**Task requirements**
Print, exactly as written, the line containing "photo Muses and" and every line after it, ending with the final line of the data below.

-- Given records follows --

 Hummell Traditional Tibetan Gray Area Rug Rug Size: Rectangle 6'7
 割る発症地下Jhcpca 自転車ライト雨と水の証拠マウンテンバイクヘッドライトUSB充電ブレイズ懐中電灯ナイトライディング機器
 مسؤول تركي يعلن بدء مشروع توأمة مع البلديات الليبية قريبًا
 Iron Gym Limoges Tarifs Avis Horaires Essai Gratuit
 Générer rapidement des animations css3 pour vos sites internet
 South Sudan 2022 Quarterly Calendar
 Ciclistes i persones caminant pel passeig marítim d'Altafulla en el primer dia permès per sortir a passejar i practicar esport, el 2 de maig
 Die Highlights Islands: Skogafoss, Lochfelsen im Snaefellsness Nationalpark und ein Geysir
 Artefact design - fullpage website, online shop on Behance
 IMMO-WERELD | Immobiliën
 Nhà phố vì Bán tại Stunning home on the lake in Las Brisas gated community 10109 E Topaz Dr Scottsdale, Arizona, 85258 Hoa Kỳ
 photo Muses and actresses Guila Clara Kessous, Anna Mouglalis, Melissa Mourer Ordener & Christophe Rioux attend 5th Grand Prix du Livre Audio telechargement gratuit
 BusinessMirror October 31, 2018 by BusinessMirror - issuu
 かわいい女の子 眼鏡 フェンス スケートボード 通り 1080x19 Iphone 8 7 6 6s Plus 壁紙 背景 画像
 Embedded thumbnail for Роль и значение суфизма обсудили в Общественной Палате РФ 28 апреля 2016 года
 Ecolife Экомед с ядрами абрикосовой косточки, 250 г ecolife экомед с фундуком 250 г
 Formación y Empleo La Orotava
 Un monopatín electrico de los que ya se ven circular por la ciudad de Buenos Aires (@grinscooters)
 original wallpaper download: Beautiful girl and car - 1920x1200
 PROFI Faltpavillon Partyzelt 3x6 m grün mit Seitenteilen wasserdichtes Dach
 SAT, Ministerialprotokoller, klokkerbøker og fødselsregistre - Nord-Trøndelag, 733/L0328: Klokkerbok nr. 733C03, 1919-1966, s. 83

-- Given records concluded --

**Solution to this problem**
 photo Muses and actresses Guila Clara Kessous, Anna Mouglalis, Melissa Mourer Ordener & Christophe Rioux attend 5th Grand Prix du Livre Audio telechargement gratuit
 BusinessMirror October 31, 2018 by BusinessMirror - issuu
 かわいい女の子 眼鏡 フェンス スケートボード 通り 1080x19 Iphone 8 7 6 6s Plus 壁紙 背景 画像
 Embedded thumbnail for Роль и значение суфизма обсудили в Общественной Палате РФ 28 апреля 2016 года
 Ecolife Экомед с ядрами абрикосовой косточки, 250 г ecolife экомед с фундуком 250 г
 Formación y Empleo La Orotava
 Un monopatín electrico de los que ya se ven circular por la ciudad de Buenos Aires (@grinscooters)
 original wallpaper download: Beautiful girl and car - 1920x1200
 PROFI Faltpavillon Partyzelt 3x6 m grün mit Seitenteilen wasserdichtes Dach
 SAT, Ministerialprotokoller, klokkerbøker og fødselsregistre - Nord-Trøndelag, 733/L0328: Klokkerbok nr. 733C03, 1919-1966, s. 83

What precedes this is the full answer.